▸ SUPPLIED MATERIAL
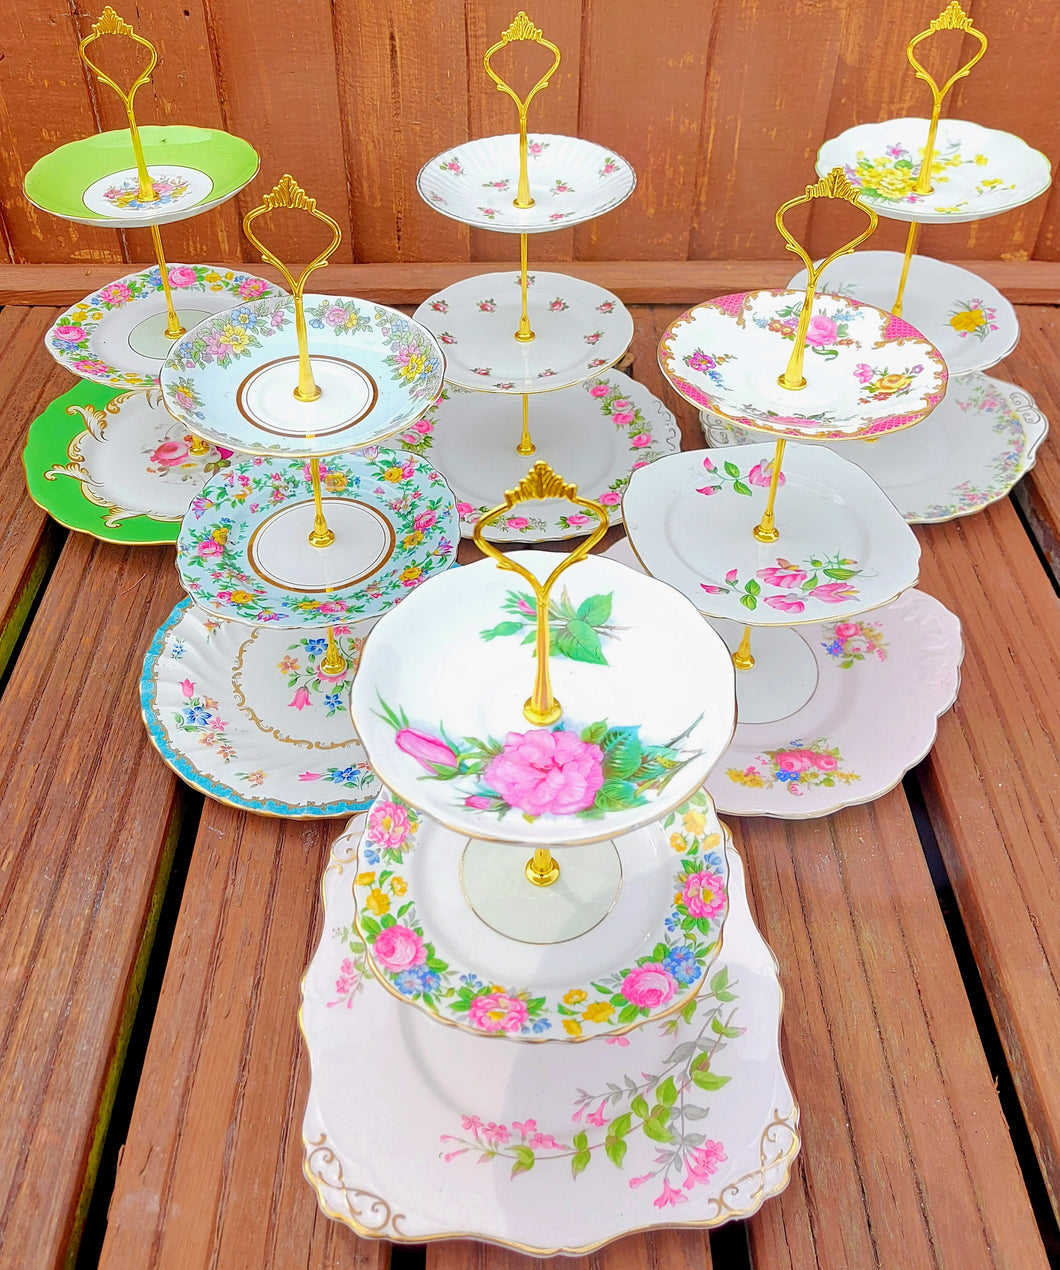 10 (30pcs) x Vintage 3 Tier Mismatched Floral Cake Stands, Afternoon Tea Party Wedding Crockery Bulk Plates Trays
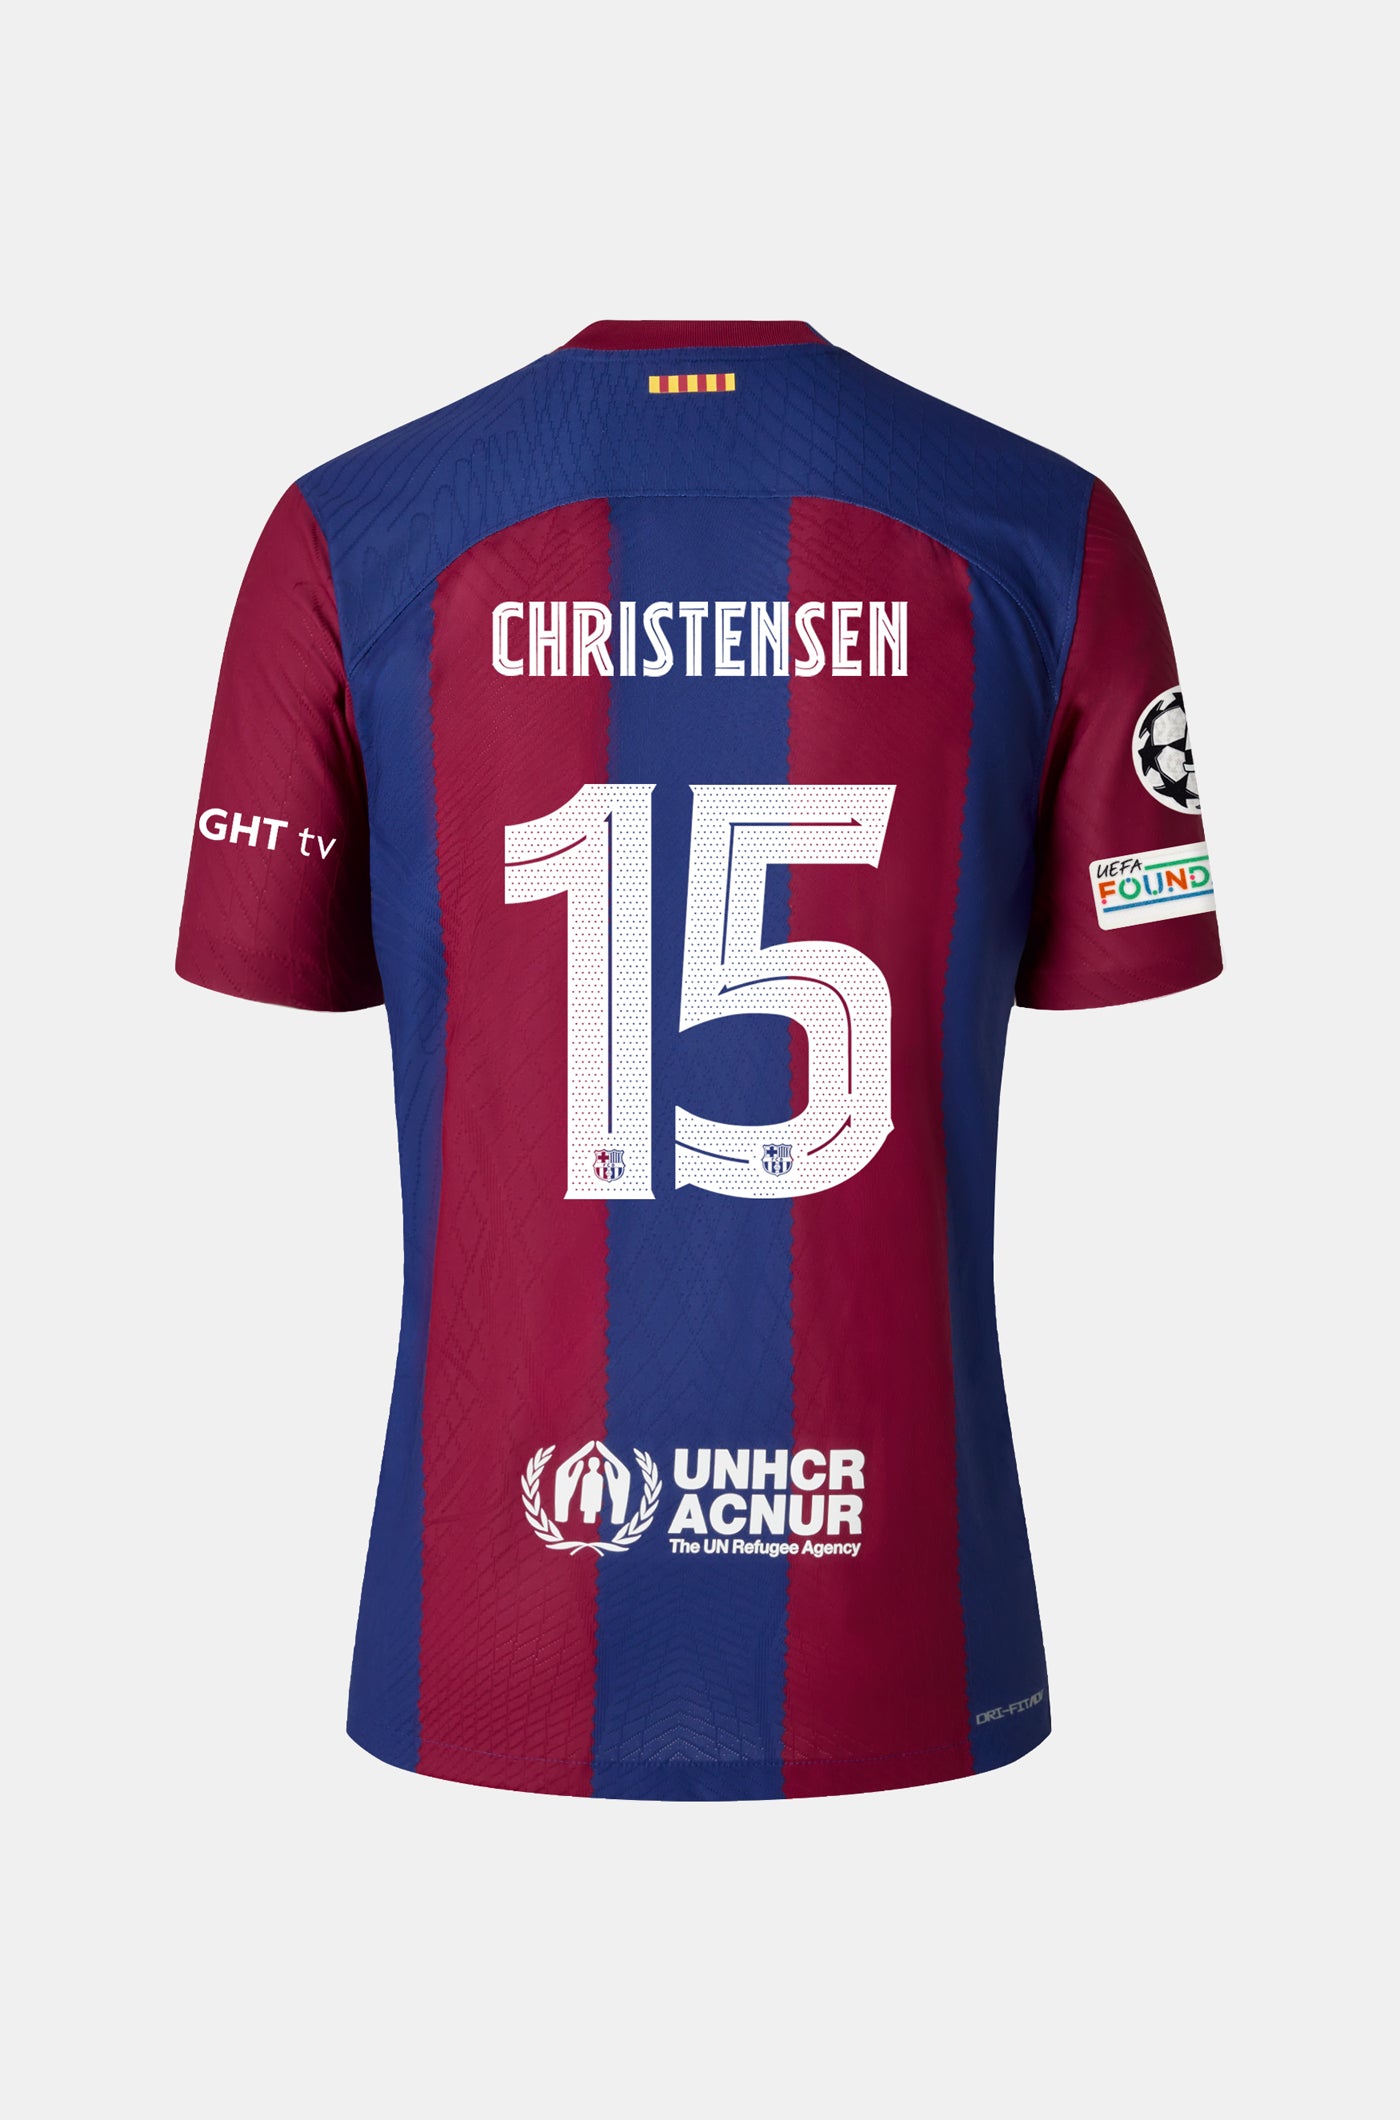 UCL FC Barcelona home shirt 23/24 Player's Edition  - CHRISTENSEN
--
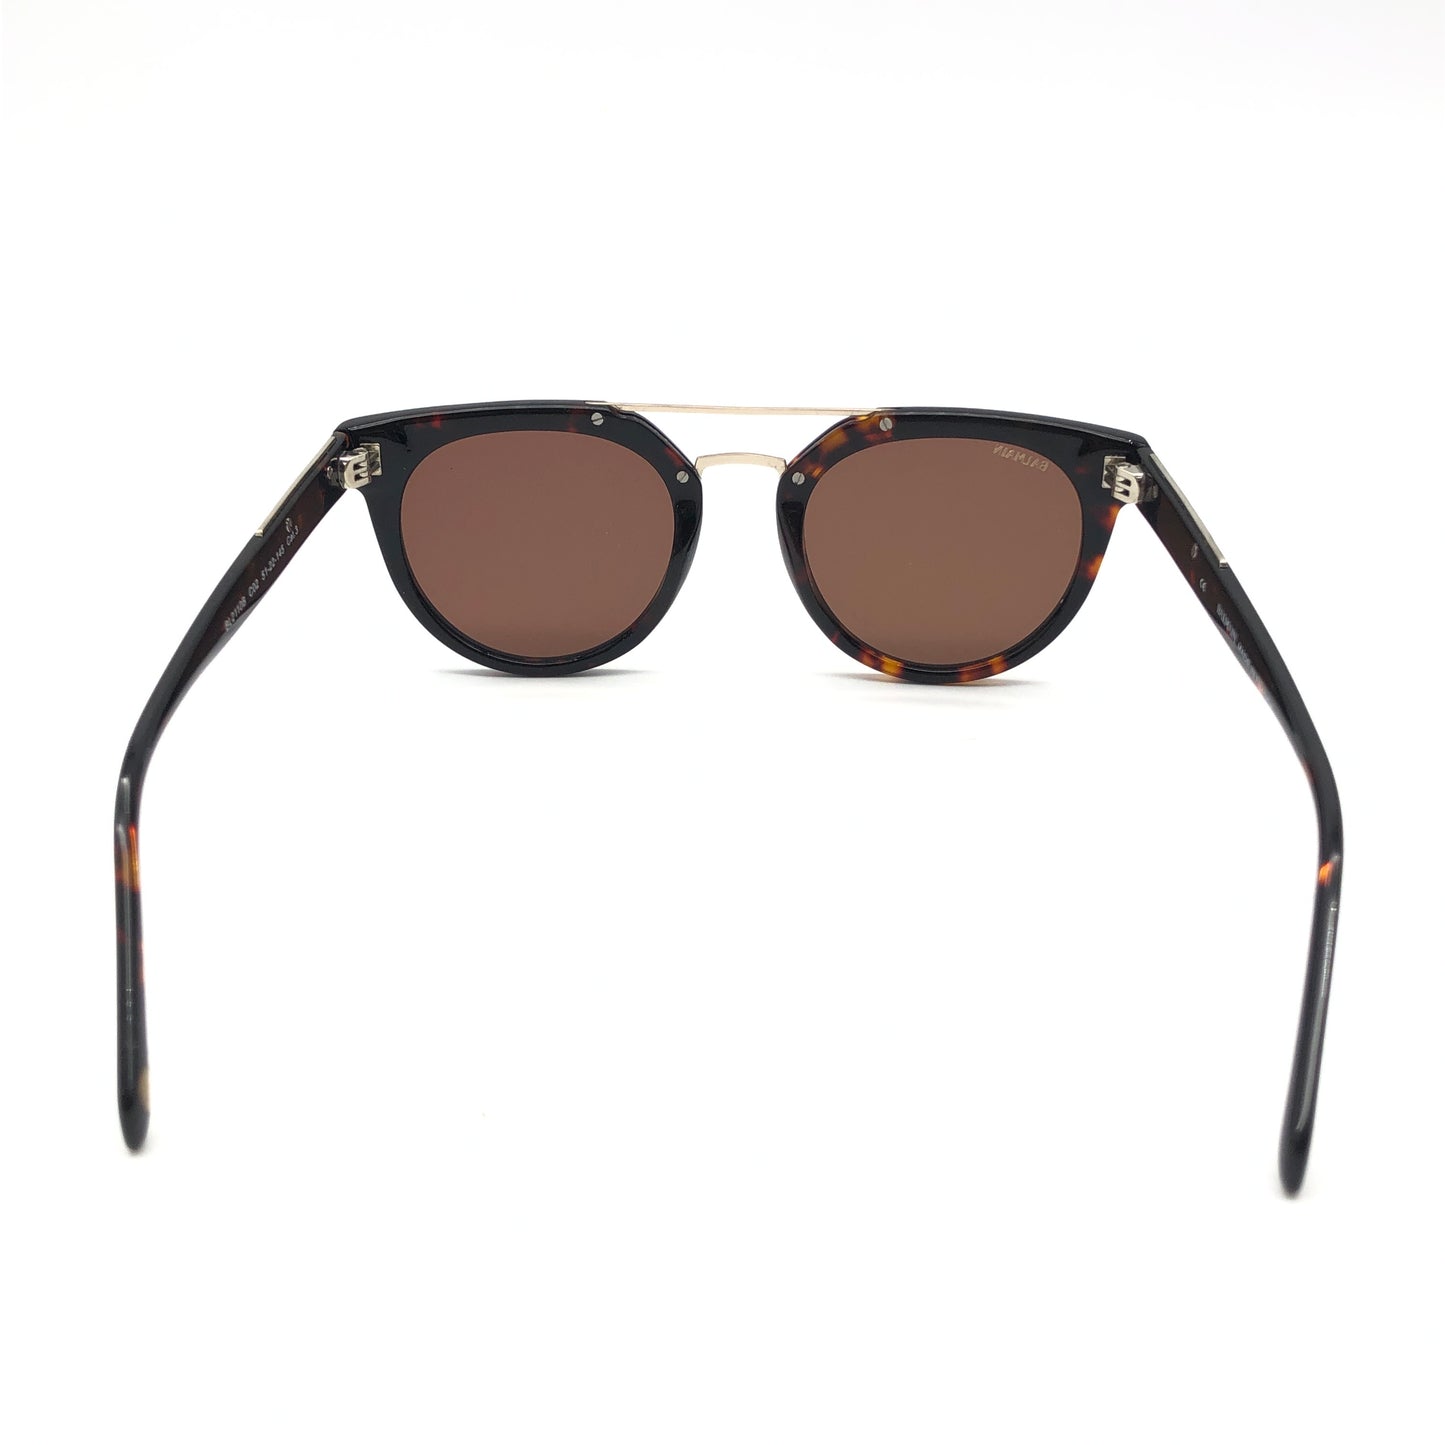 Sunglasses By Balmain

▸ YOUR ASSIGNMENT
Given the listing above, repeat exactly the lines starting at the one with "10 (30pcs) x" and ending at the one with "UCL FC Barcelona", inclusive, excluding pictures.

▸ ANSWER SPACE
 10 (30pcs) x Vintage 3 Tier Mismatched Floral Cake Stands, Afternoon Tea Party Wedding Crockery Bulk Plates Trays
 UCL FC Barcelona home shirt 23/24 Player's Edition  - CHRISTENSEN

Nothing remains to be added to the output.